A bar chart showing that the number of new equity and fixed-income model portfolios has been increasing since 2019.

These offerings may still be part of target-risk series. For instance, all Dimensional Fund Advisors’ series offer a 100% bonds/0% stocks portfolio, which falls into a fixed-income Morningstar Category. They can also act as stand-alone offerings. Fidelity offers fixed-income models like Fidelity Core Bond and Fidelity Core Plus Bond to function as core or complementary fixed-income holdings for advisors to utilize in client portfolios.

Low Costs Remain an Appealing Characteristic

Model portfolios continue to hold a fee advantage against their mutual fund peers. The chart below compares the average asset-weighted fee for each asset-allocation model versus the average fee of similarly allocated mutual funds, broken down by Morningstar’s Clean Share—Service Fee Arrangement designation. Even when compared against “unbundled” mutual fund shares that have the lowest built-in expenses, a model portfolio charges 11 basis points less on average across all five categories.

A bar chart illustrating that model portfolios in the allocation Morningstar Categories have lower fees than their mutual fund counterparts.

The analysis only includes model portfolios with a reported portfolio as of December 2021 or newer. In addition, we do not account for the strategist fee, which some models may layer on as an additional cost.

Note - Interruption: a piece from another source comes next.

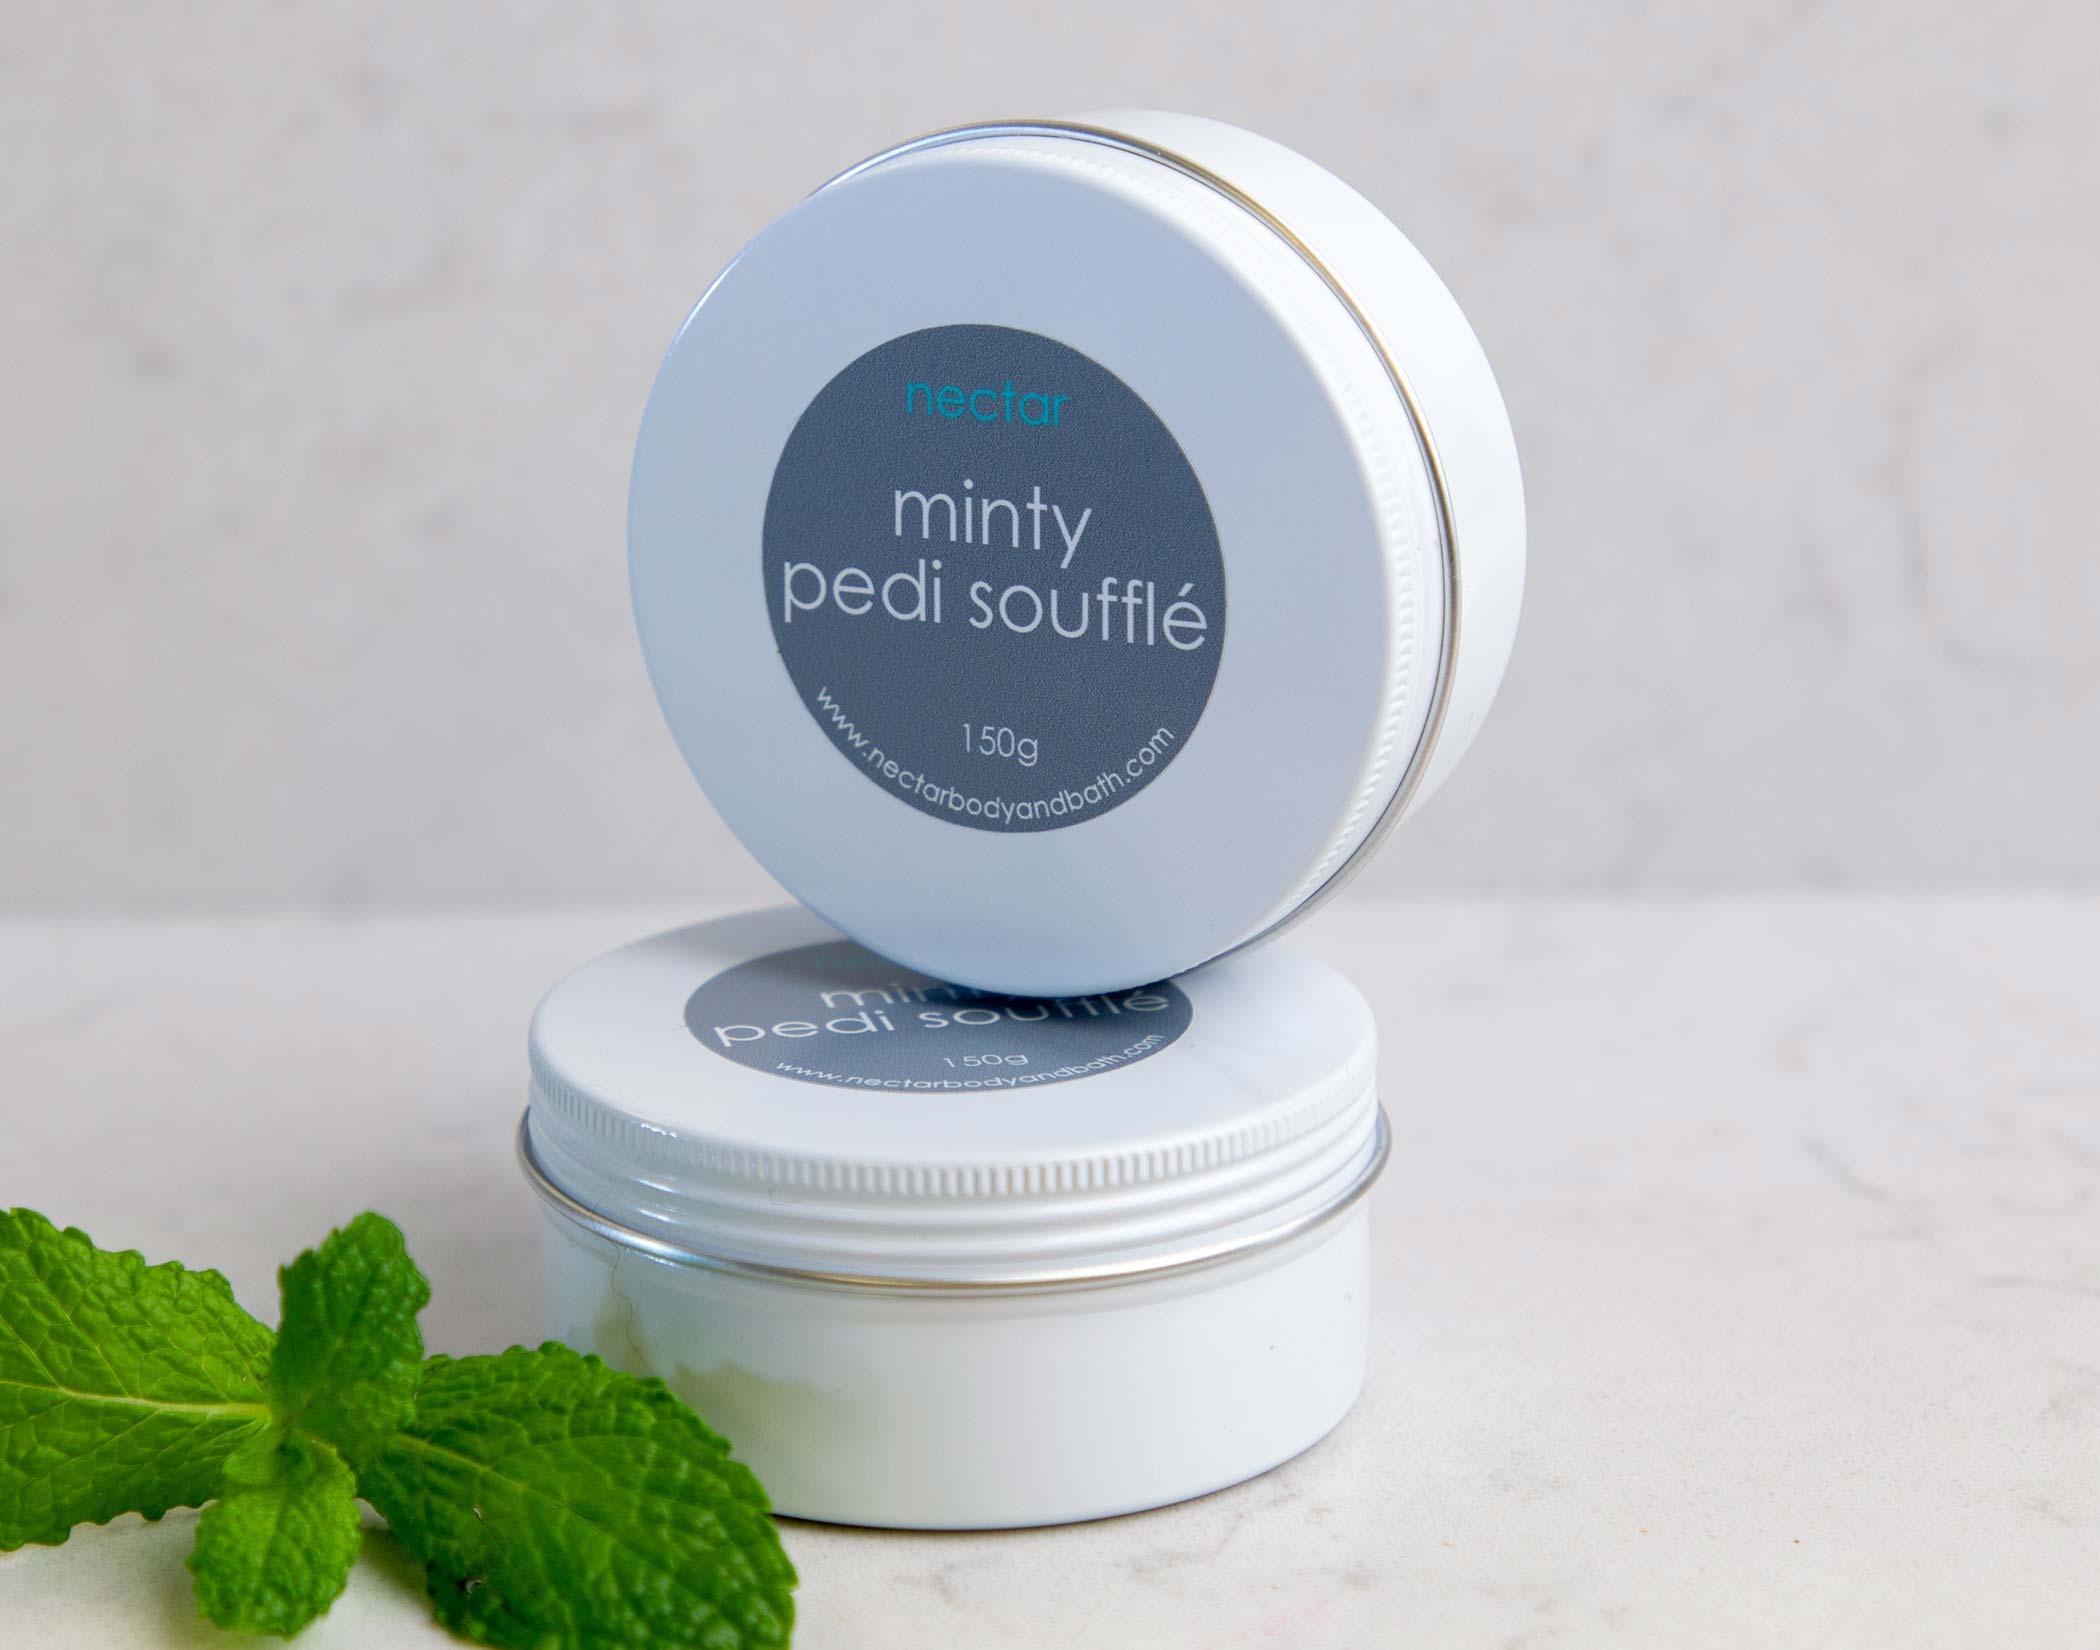 nectar-minty-pedi-souffle

Looking outside of just allocation models, more specific offerings like model-delivered equity strategies also hold a notable advantage when it comes to costs. The chart below compares the average fee for model-delivered equity strategies (based on surveyed data from firms with model-delivery separately managed accounts) with “unbundled” actively managed mutual funds. Across Morningstar’s three U.S. large-cap equity categories, the model-delivered offerings are 20 to 27 basis points cheaper.

A bar chart illustrating the fee advantage that model-delivered large-cap equity strategies have over equity mutual funds.